▶ _Exercise prompt_
With the pictures excluded, reproduce all of the data exactly.
--- Information provided Enclosed Below ---
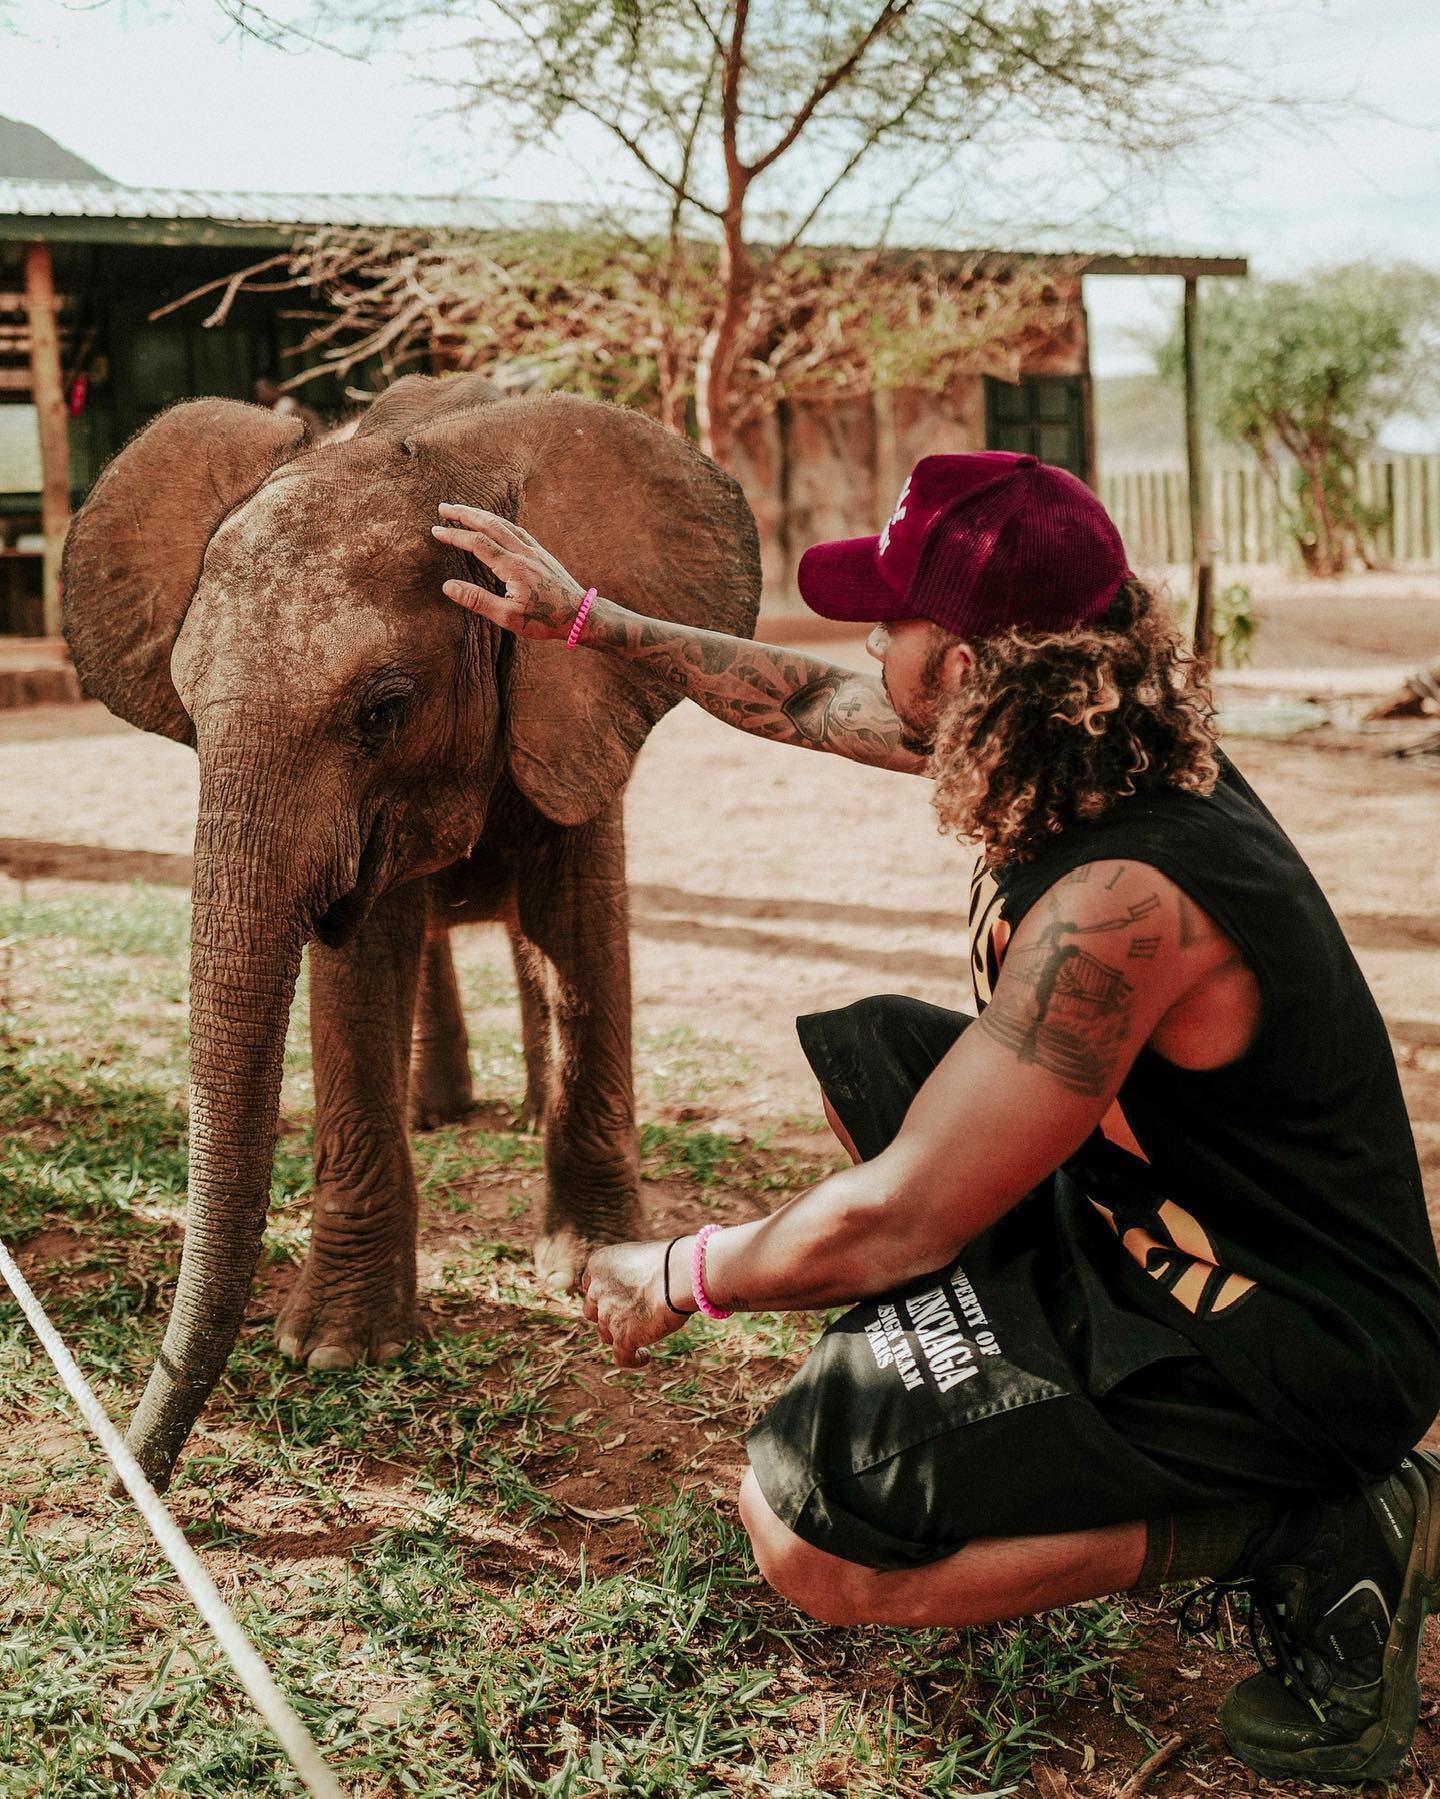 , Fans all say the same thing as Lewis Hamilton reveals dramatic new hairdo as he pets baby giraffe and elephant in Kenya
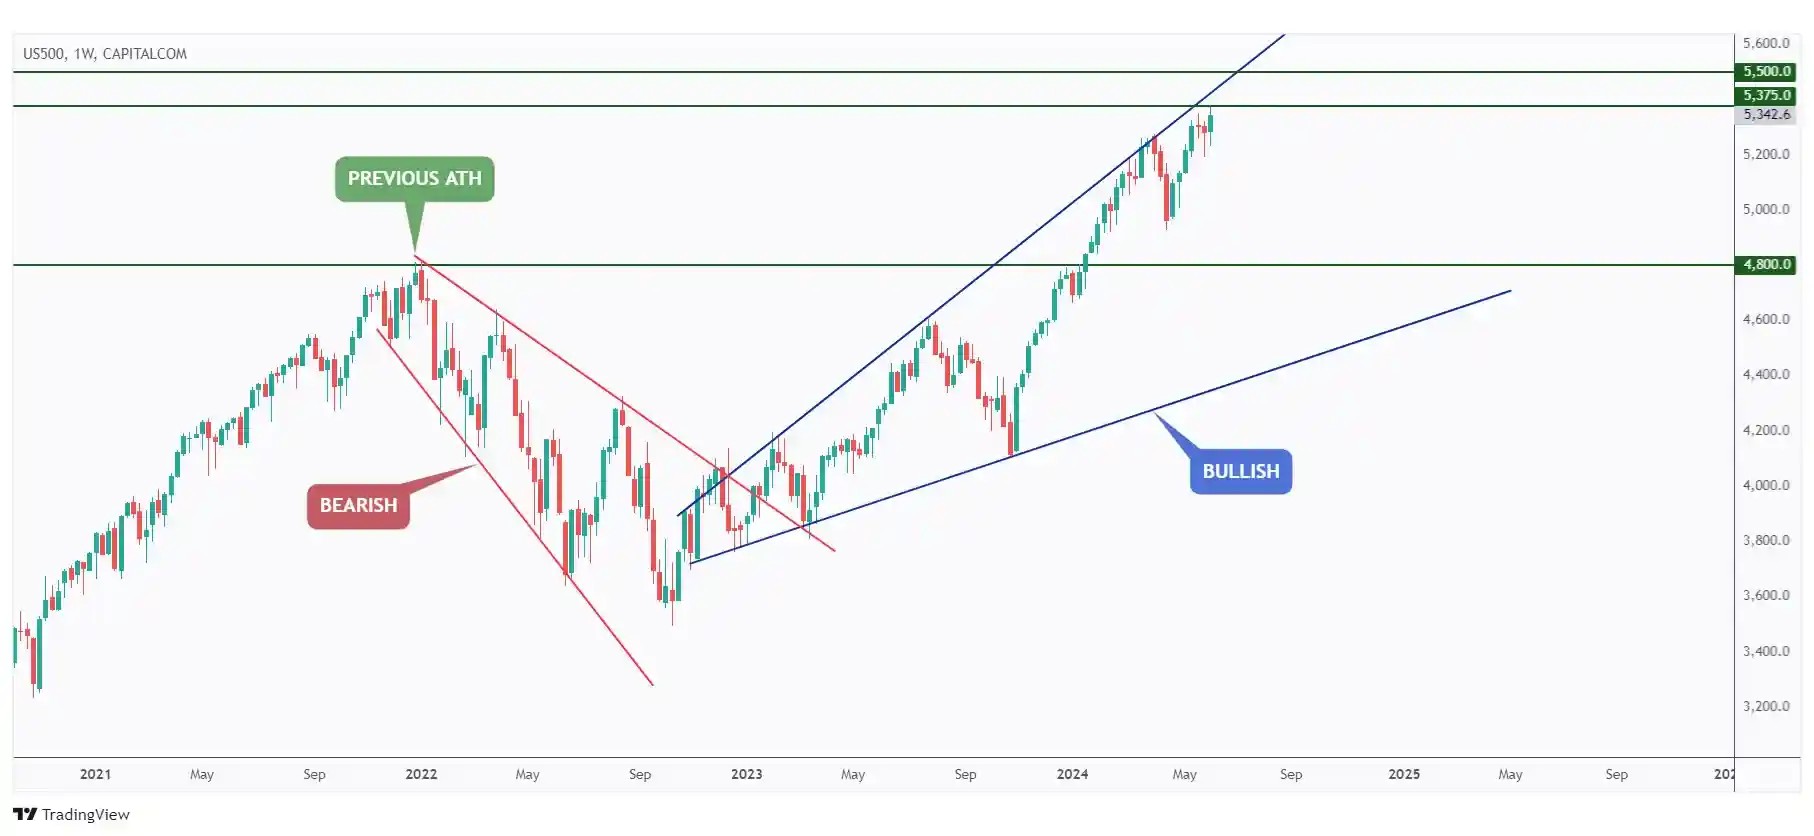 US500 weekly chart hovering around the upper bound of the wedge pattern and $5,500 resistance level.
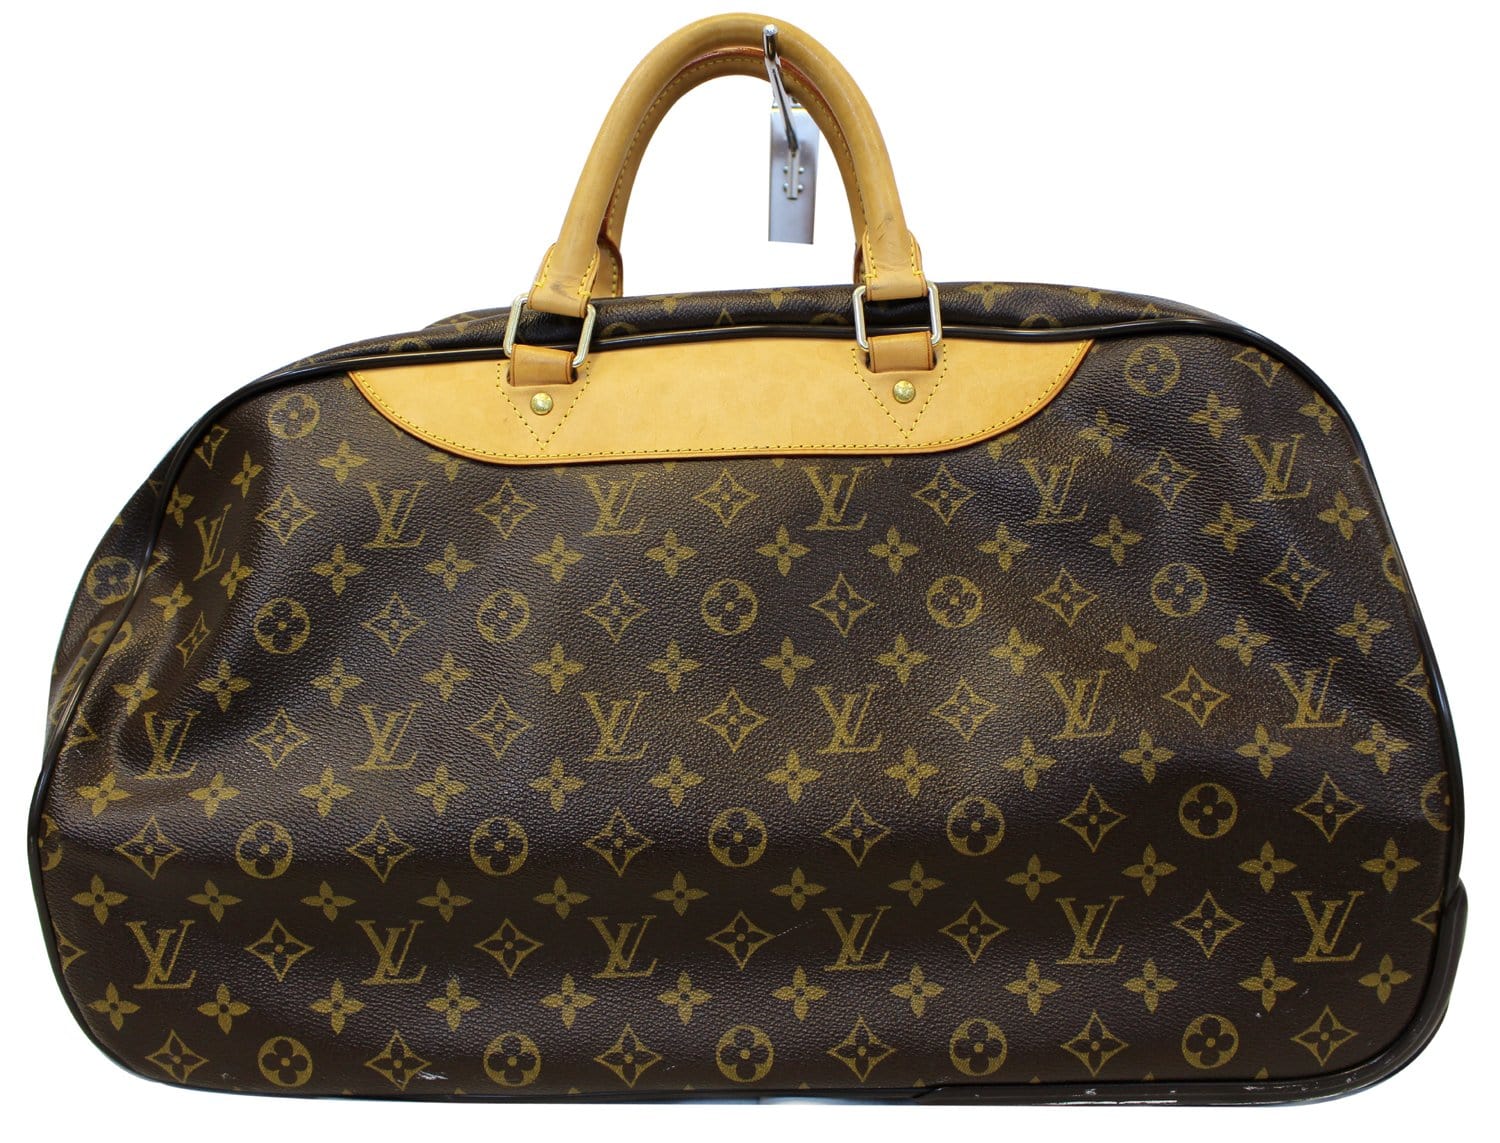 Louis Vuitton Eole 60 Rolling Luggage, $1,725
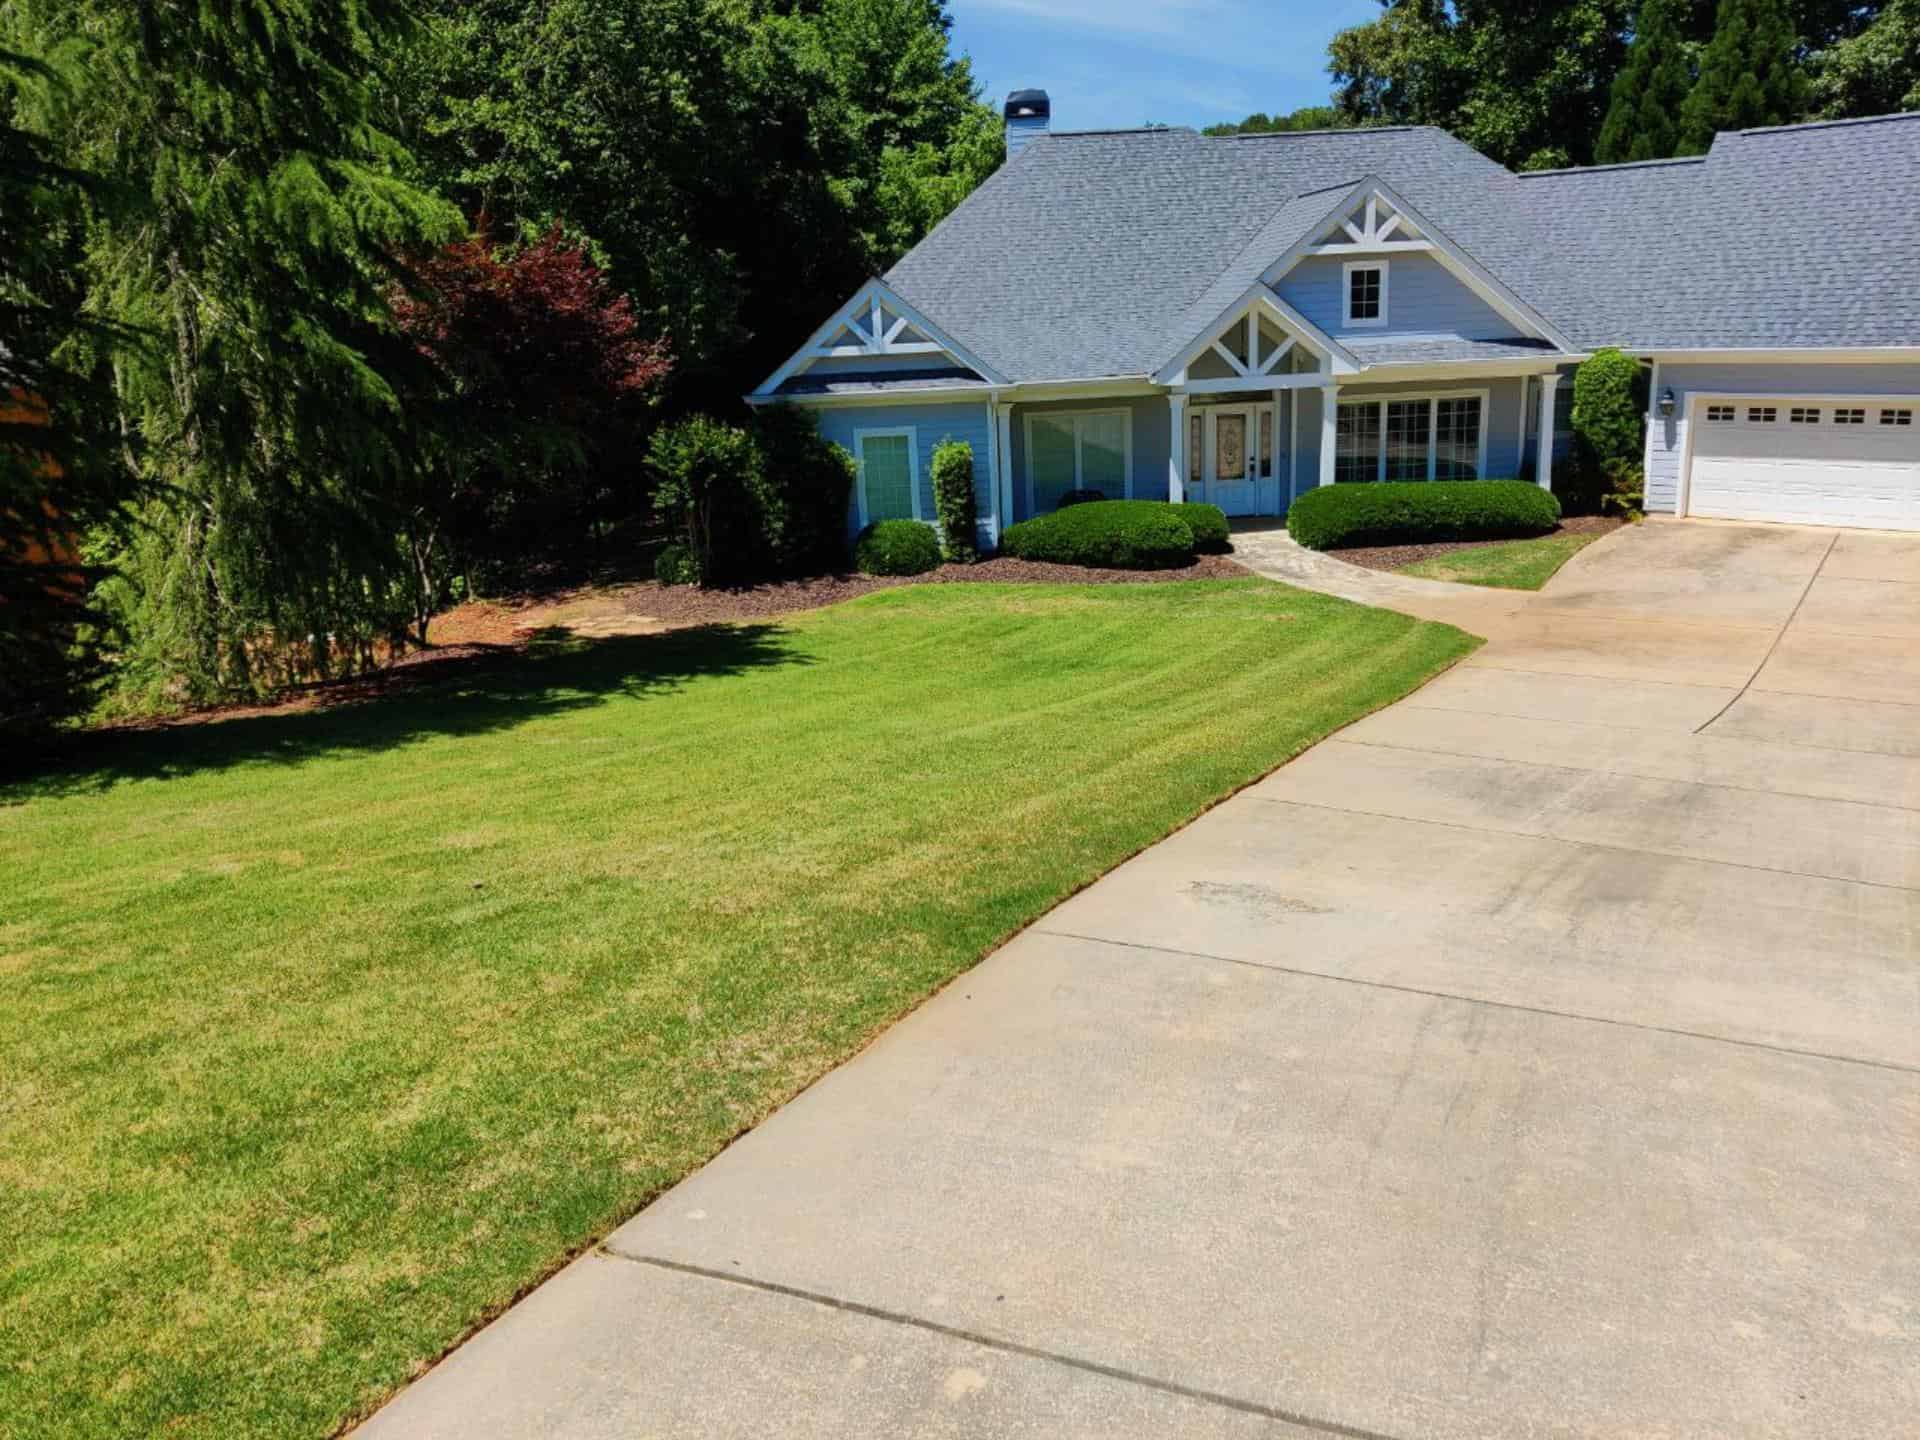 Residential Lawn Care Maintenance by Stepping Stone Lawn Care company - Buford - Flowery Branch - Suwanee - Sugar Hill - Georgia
--- End of Enclosed Information provided ---
▶ _Result for this exercise_
 , Fans all say the same thing as Lewis Hamilton reveals dramatic new hairdo as he pets baby giraffe and elephant in Kenya
 US500 weekly chart hovering around the upper bound of the wedge pattern and $5,500 resistance level.
 Louis Vuitton Eole 60 Rolling Luggage, $1,725
 Residential Lawn Care Maintenance by Stepping Stone Lawn Care company - Buford - Flowery Branch - Suwanee - Sugar Hill - Georgia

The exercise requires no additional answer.